进一步的,所述步骤1中,金属铬粉与石墨烯的质量比为1000:1。
进一步的,所述步骤1中的石墨烯由机械法剥离得到,且层数为10层以下,鳞片大小为2-30微米。
进一步的,所述步骤1中,混合物的总重量为10g。
进一步的,所述步骤3中,铬盐和铁盐的盐溶液混合液中,铬盐和铁盐的混合比例为(1-30):1。
进一步的,所述步骤6的具体步骤为:
将步骤5中获得的粉料,置于管式气氛炉中,通入保护气体氩气,并将炉温升至850-950℃后保温煅烧2小时,然后随炉冷却,取出粉料,将粉料轻微研磨成分散状态即可获得石墨烯掺杂改性的氧电极材料。
一种钢液低氧定氧电池用石墨烯改性电极材料,由上述方法制成。
本发明的有益效果为:本发明通过将石墨烯材料与传统的氧电极材料以合适的状态相结合,将石墨烯材料与电极材料形成独特的掺杂结构,以这种结构的氧电极材料与性能良好的氧化锆固体电解质管组装成的氧电池,在钢水高温低氧条件测定时,石墨烯结构在电极反应过程中起到了导电桥梁的作用,彻底解决了传统电极材料在电极反应过程中导电传质不顺畅的问题,从而保证了低氧定氧探头的精确度、稳定性和灵敏度,完全满足现场对低氧定氧探头的需求。
附图说明
图1为本发明的原位共沉淀结合石墨烯改性电极材料的扫描电镜图;
图2为原位共沉淀法电极材料测试结果示意图;
图3为本发明的原位共沉淀结合石墨烯改性电极材料测试结果示意图。
具体实施方式
以下对本发明的原理和特征进行描述,所举实例只用于解释本发明,并非用于限定本发明的范围。

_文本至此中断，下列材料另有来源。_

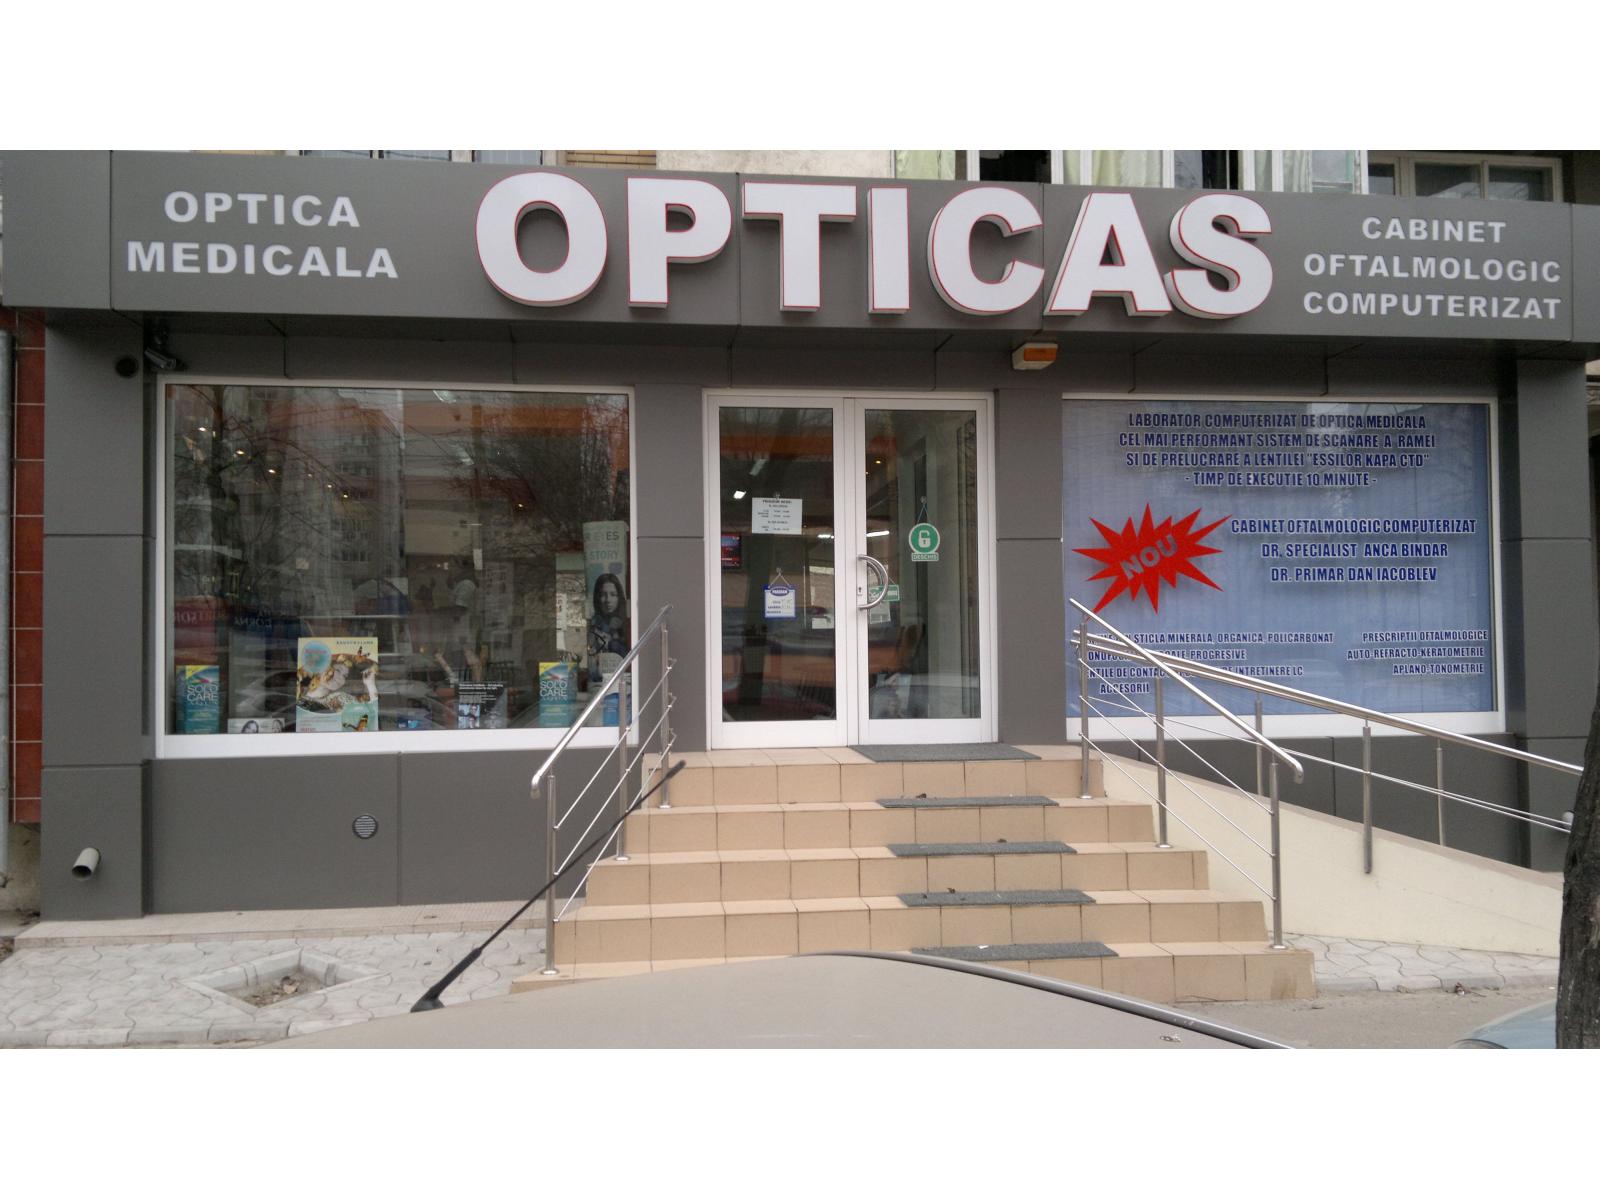 OPTICAS - 17032011213.jpg

钢液低氧定氧电池用石墨烯改性电极材料制备方法,包括以下步骤:
一、将金属铬粉(200目~325目)与石墨烯以质量比1000:1比例混合(铬粉10克,石墨烯0.01克),然后加入20ml去离子水,搅拌分散成为悬浮液;所述石墨烯由机械法剥离得到,且层数为10层以下,鳞片大小为2-30微米;二、在搅拌的条件下,向步骤1中加入10ml氨水(浓度25%,密度0.91g/ml),并同时加入80ml去离子水并继续保持搅拌状态;
三、采用金属铬的盐(比如硝酸铬、氯化铬等)和金属铁的盐(硝酸铁、氯化铁等),分别配置成适当浓度(浓度范围为质量分数10%~60%)的盐溶液,并将两者混合均匀(二者混合比例为铬盐:铁盐=(1-30):1,质量比);
四、将步骤2的混合液升温至40℃,并继续保持搅拌状态,然后步骤3中的盐溶液缓慢滴入步骤2的混合液中(盐溶液与混合液的比例为(1-5):(10-50),质量比),该过程即为原位共沉淀反应,该种方式最大的特点是可以保证产生的氢氧化铬和氢氧化铁沉淀物均匀的分散在金属铬和石墨烯的表面,形成良好的界面接触,这样主体电极材料就形成了典型的“核壳”结构,这就为电极材料的高反应活性奠定了坚实的基础,同时石墨烯二维结构又均匀分散在该“核壳”结构的电极材料之中,为电极材料提供了“导电桥梁”的作用,这又为电极材料的高灵敏性提供了结构支撑;
五、用去离子水反复清洗、抽滤5次后,然后再加入适当比例(100~600ml)的无水乙醇,混合搅拌均匀;
六、将第五步骤中的分散液置于玻璃旋蒸发仪中,边加热边旋转,直至乙醇和水完全烘干后,将粉料倒出;
七、将第六步中获得的粉料,置于管式气氛炉中,通入保护气体氩气,并将炉温升至900℃保温煅烧2小时,然后随炉冷却,取出最后成品,轻微研磨成分散状态即可获得石墨烯掺杂改性的氧电极材料。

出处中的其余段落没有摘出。